### EXERCISE PROMPT
Among the entries, find each line that includes the string "Home" and list it.

Dataset excerpts:
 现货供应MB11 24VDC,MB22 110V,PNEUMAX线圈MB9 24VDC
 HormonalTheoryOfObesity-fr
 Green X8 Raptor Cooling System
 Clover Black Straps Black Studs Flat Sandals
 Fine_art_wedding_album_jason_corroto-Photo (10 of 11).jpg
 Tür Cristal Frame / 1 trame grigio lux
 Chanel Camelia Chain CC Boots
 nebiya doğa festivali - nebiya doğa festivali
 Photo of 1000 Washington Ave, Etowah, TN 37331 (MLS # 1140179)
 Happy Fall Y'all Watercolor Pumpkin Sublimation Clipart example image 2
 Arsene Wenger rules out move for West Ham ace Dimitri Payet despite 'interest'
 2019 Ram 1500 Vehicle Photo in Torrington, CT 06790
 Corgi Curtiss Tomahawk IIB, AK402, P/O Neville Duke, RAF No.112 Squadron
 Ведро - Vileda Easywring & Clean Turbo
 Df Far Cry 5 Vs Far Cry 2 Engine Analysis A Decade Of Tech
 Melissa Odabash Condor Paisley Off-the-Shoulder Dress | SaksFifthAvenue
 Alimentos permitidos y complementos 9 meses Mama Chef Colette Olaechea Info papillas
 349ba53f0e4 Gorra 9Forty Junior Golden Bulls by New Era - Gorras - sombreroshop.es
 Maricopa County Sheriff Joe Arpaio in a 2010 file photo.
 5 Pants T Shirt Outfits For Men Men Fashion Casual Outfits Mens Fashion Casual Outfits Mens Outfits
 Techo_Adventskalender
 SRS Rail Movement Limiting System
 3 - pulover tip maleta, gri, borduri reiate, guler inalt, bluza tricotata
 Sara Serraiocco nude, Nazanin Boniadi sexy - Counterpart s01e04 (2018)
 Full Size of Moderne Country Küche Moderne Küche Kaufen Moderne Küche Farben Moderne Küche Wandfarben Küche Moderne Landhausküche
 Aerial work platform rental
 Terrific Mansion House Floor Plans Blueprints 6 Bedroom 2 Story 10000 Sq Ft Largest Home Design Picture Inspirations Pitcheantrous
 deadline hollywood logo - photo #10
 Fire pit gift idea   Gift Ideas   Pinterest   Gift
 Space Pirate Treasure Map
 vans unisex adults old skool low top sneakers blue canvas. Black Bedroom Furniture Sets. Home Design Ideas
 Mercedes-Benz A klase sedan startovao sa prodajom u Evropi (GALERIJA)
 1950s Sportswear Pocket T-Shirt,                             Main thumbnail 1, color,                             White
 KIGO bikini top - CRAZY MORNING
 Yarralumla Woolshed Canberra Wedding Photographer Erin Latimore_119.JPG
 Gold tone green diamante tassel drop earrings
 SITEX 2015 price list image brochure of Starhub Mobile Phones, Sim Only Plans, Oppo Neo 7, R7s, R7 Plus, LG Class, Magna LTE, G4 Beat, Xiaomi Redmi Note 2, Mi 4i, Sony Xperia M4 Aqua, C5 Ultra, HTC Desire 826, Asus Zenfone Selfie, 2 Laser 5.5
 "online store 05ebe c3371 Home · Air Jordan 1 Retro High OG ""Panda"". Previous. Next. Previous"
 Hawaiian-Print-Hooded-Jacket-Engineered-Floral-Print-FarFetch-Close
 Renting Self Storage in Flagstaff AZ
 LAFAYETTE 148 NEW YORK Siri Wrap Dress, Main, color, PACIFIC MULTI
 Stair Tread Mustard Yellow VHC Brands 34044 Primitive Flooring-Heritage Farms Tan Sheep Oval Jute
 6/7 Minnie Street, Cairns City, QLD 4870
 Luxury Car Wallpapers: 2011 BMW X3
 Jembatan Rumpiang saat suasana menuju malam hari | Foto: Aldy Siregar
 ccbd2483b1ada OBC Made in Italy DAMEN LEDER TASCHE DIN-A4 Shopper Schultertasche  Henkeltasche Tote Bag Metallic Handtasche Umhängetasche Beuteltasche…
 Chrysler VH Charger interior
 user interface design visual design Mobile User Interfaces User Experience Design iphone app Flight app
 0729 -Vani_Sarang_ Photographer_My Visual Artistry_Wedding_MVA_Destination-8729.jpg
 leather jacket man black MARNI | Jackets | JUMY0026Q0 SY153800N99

### RESULT FOR THIS TASK
 Terrific Mansion House Floor Plans Blueprints 6 Bedroom 2 Story 10000 Sq Ft Largest Home Design Picture Inspirations Pitcheantrous
 vans unisex adults old skool low top sneakers blue canvas. Black Bedroom Furniture Sets. Home Design Ideas
 "online store 05ebe c3371 Home · Air Jordan 1 Retro High OG ""Panda"". Previous. Next. Previous"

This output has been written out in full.